● Problem: Only the text belongs in the copy. Transcribe the data exactly and drop any pictures.

[Dataset excerpt Boundary: Start]

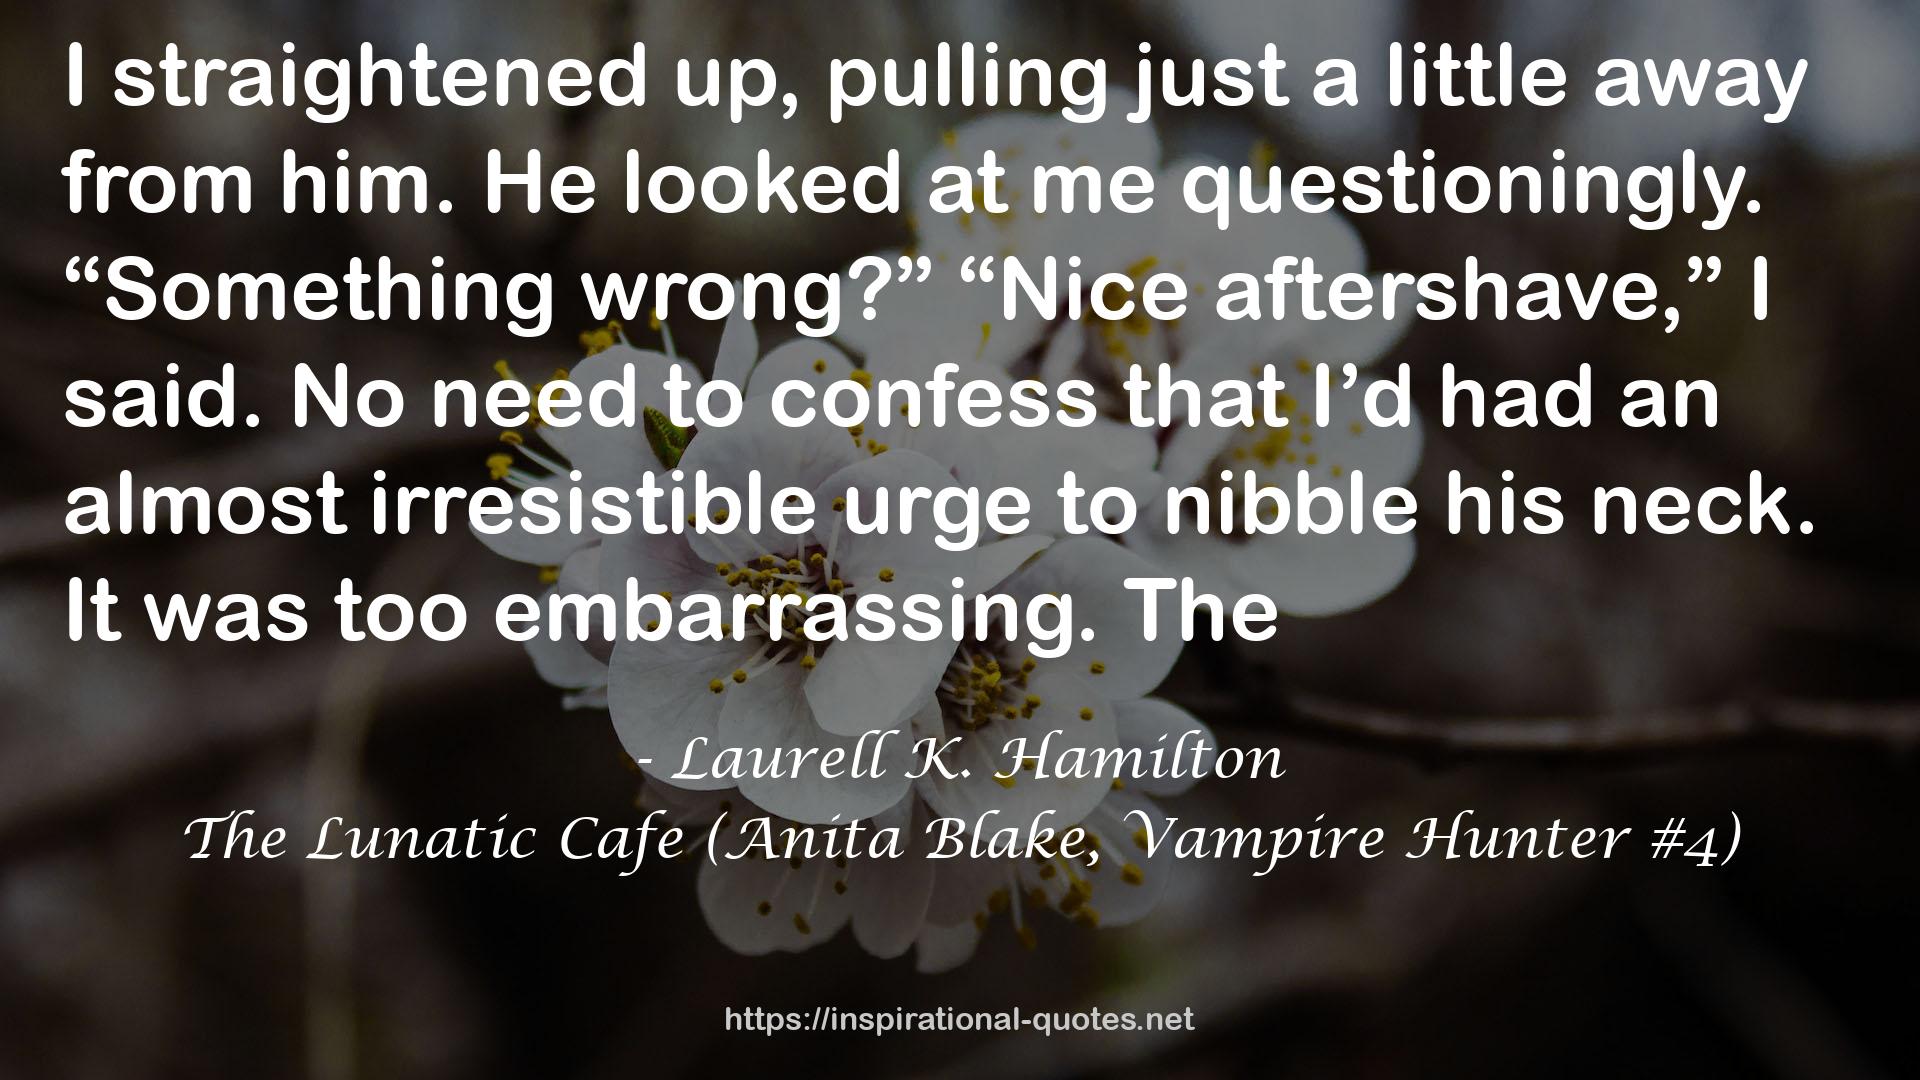 The Lunatic Cafe (Anita Blake, Vampire Hunter #4) QUOTES
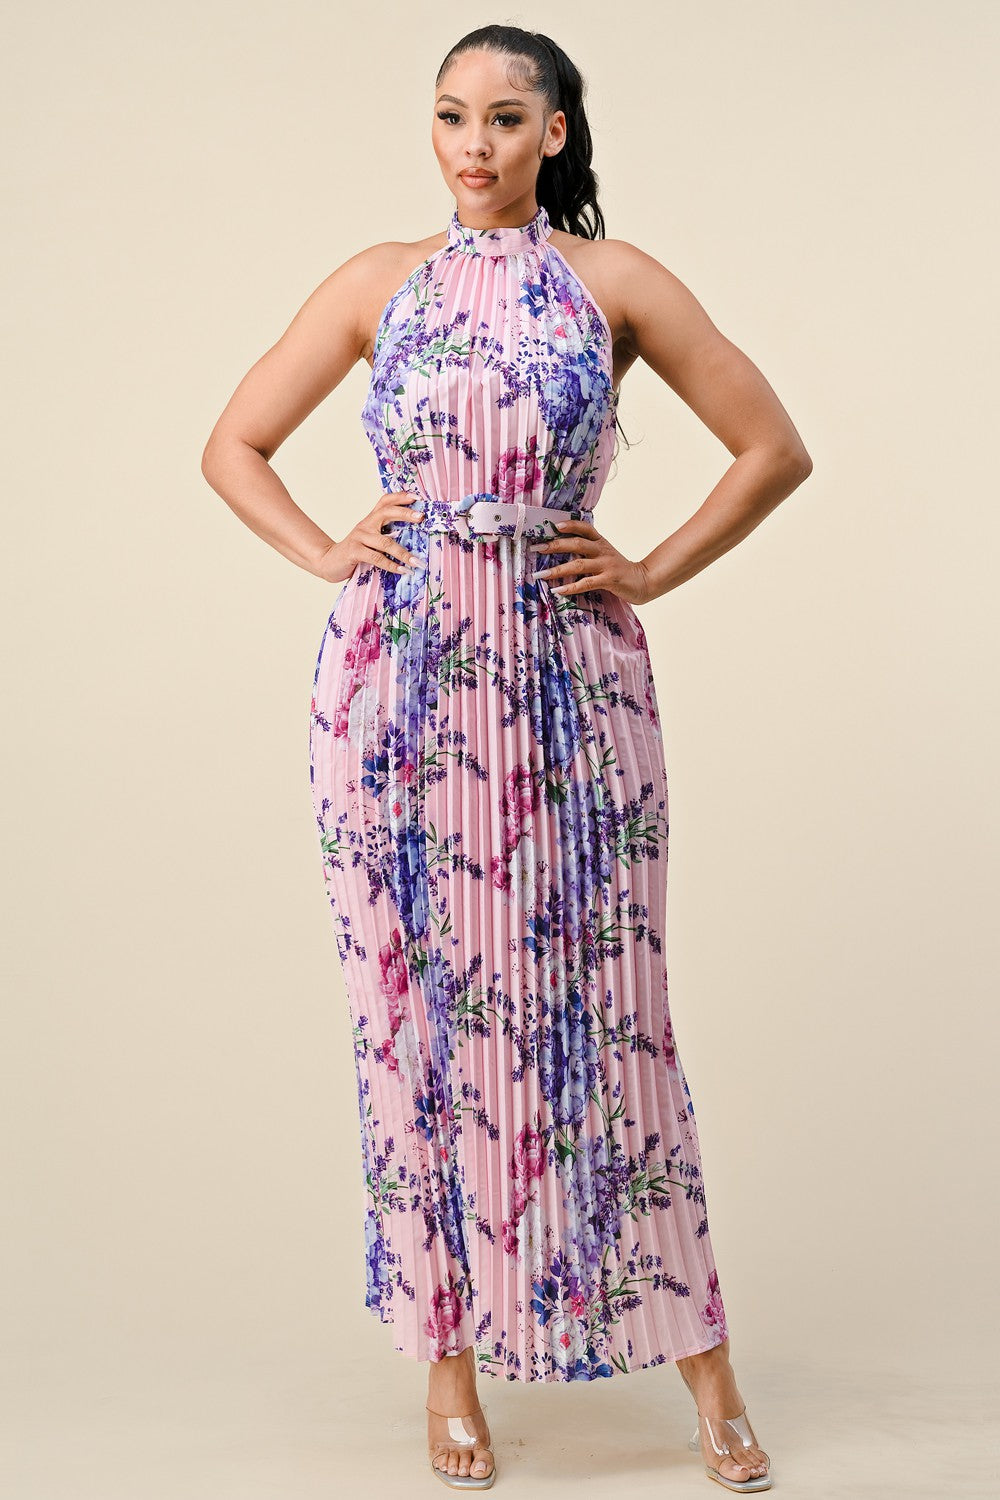 Floral Occasion Dress (Pink/Multi) (FINAL SALE)
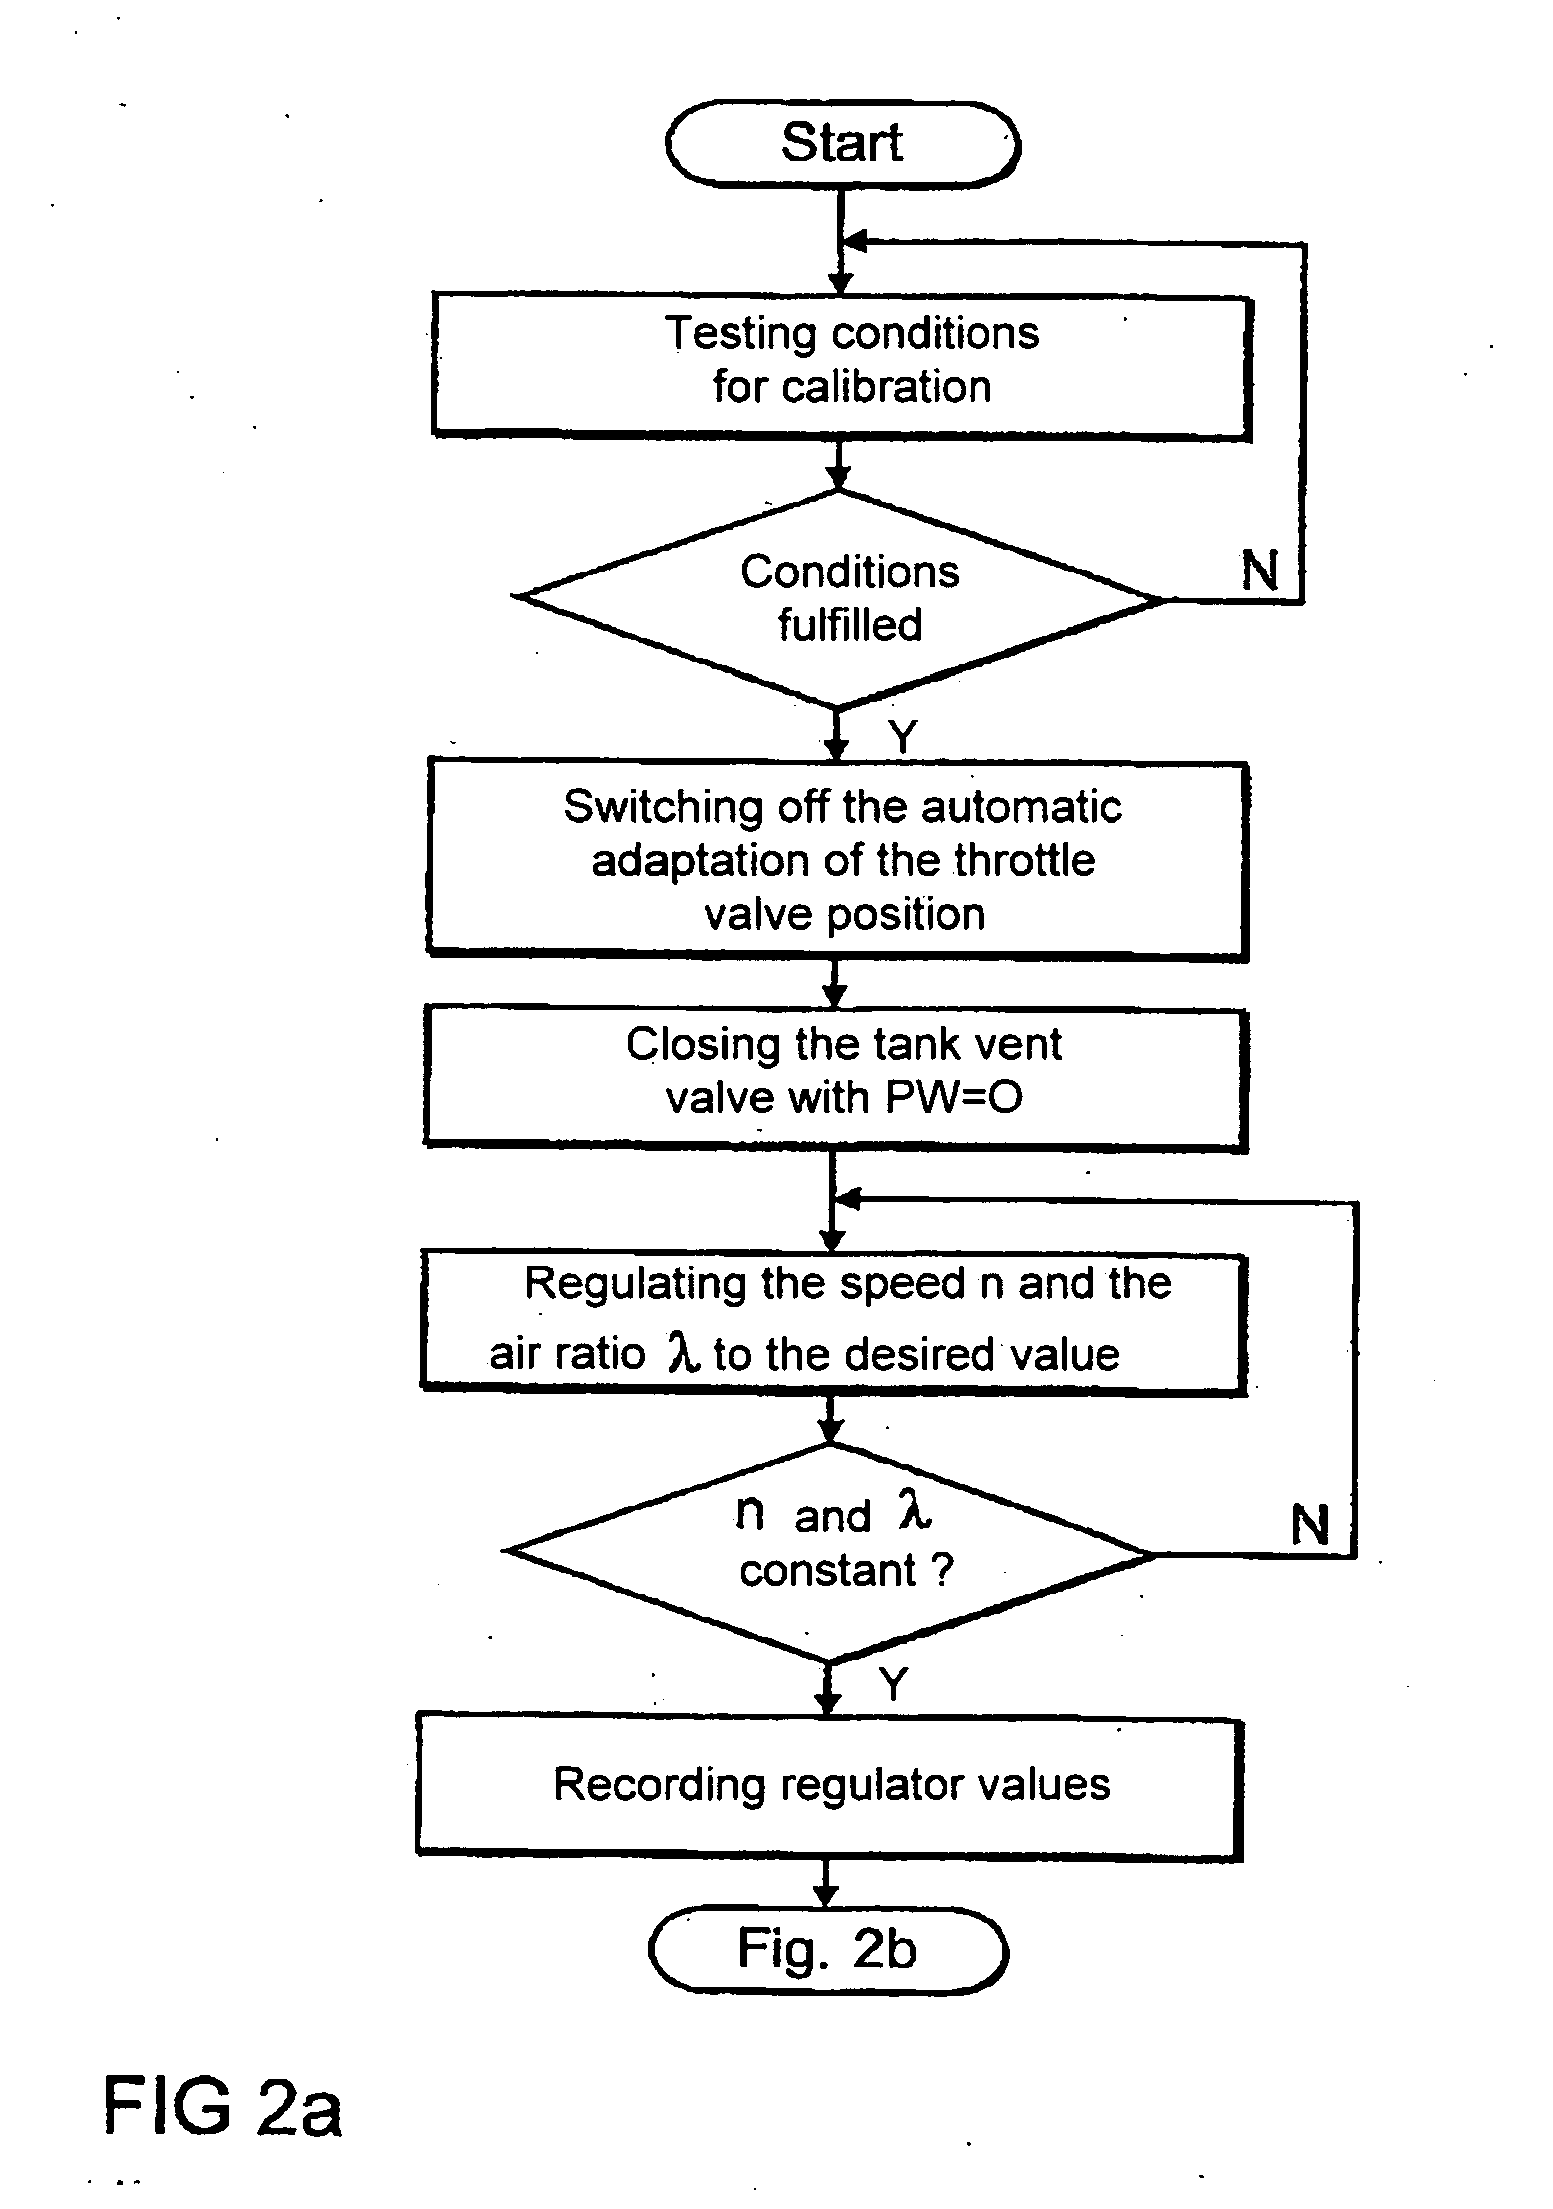 Method for controlling a regeneration valve of a fuel vapor retention system
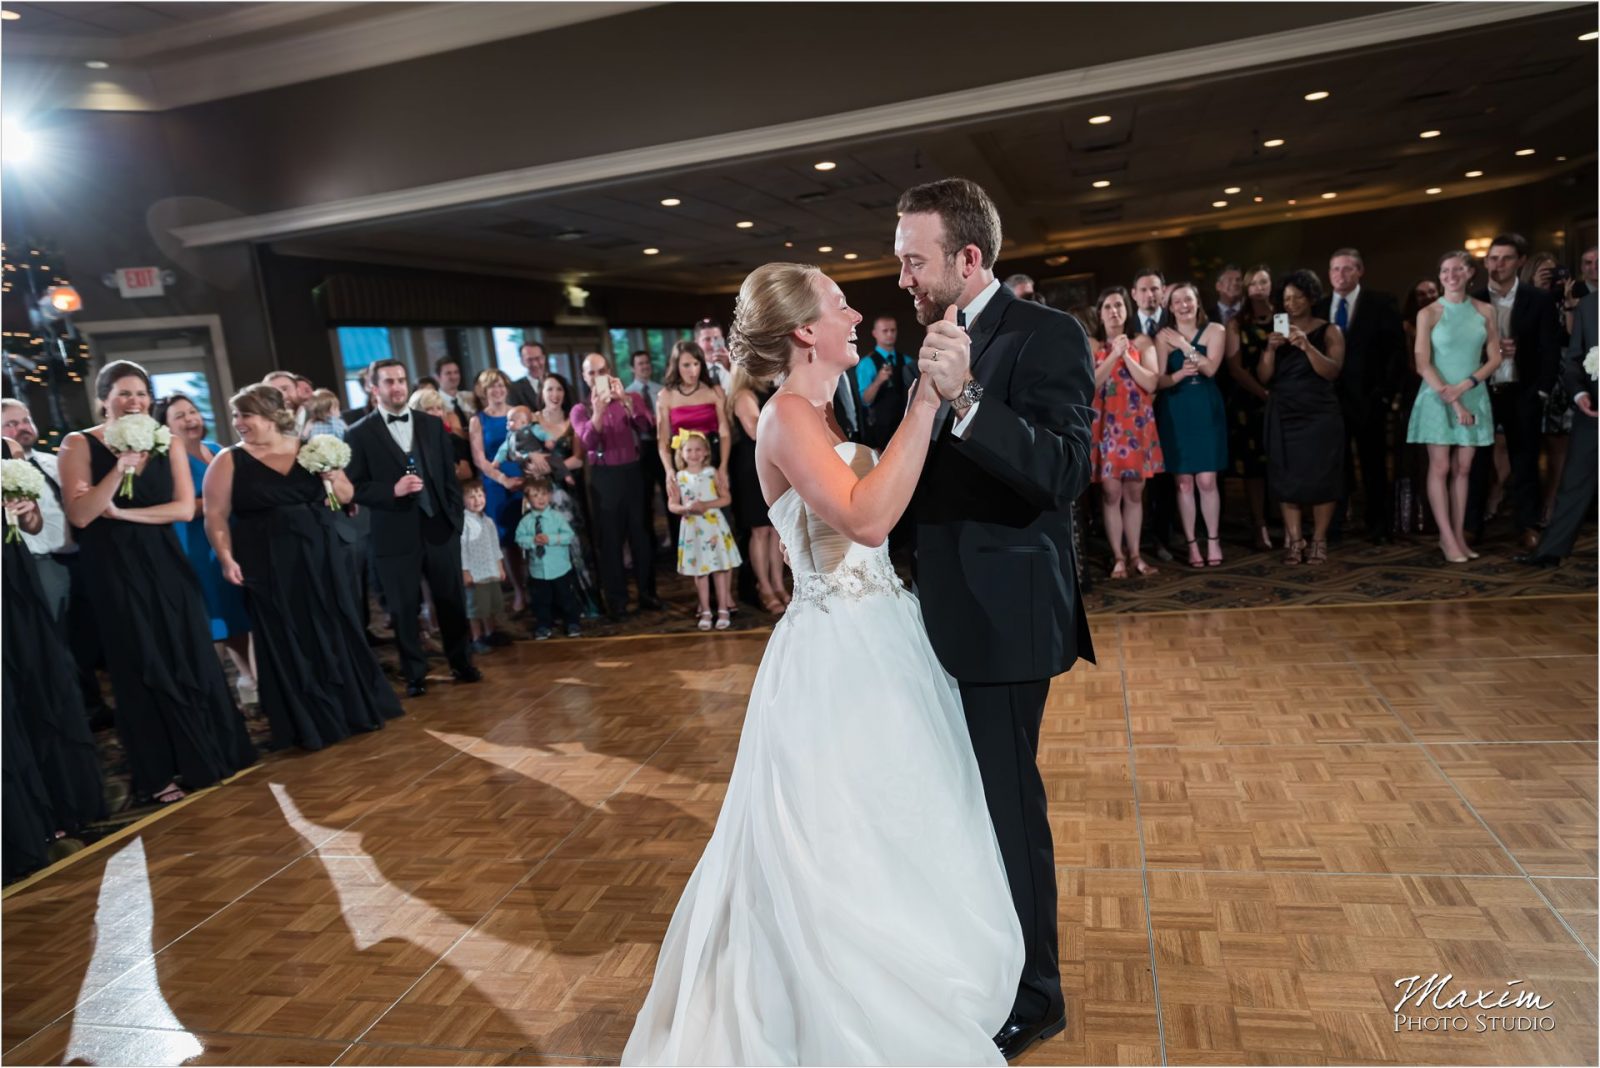 Drees Pavilion Covington Kentucky Wedding Reception Dance

[Dataset excerpt Boundary: End]

● Your response:
 The Lunatic Cafe (Anita Blake, Vampire Hunter #4) QUOTES
 Floral Occasion Dress (Pink/Multi) (FINAL SALE)
 Method for controlling a regeneration valve of a fuel vapor retention system
 Drees Pavilion Covington Kentucky Wedding Reception Dance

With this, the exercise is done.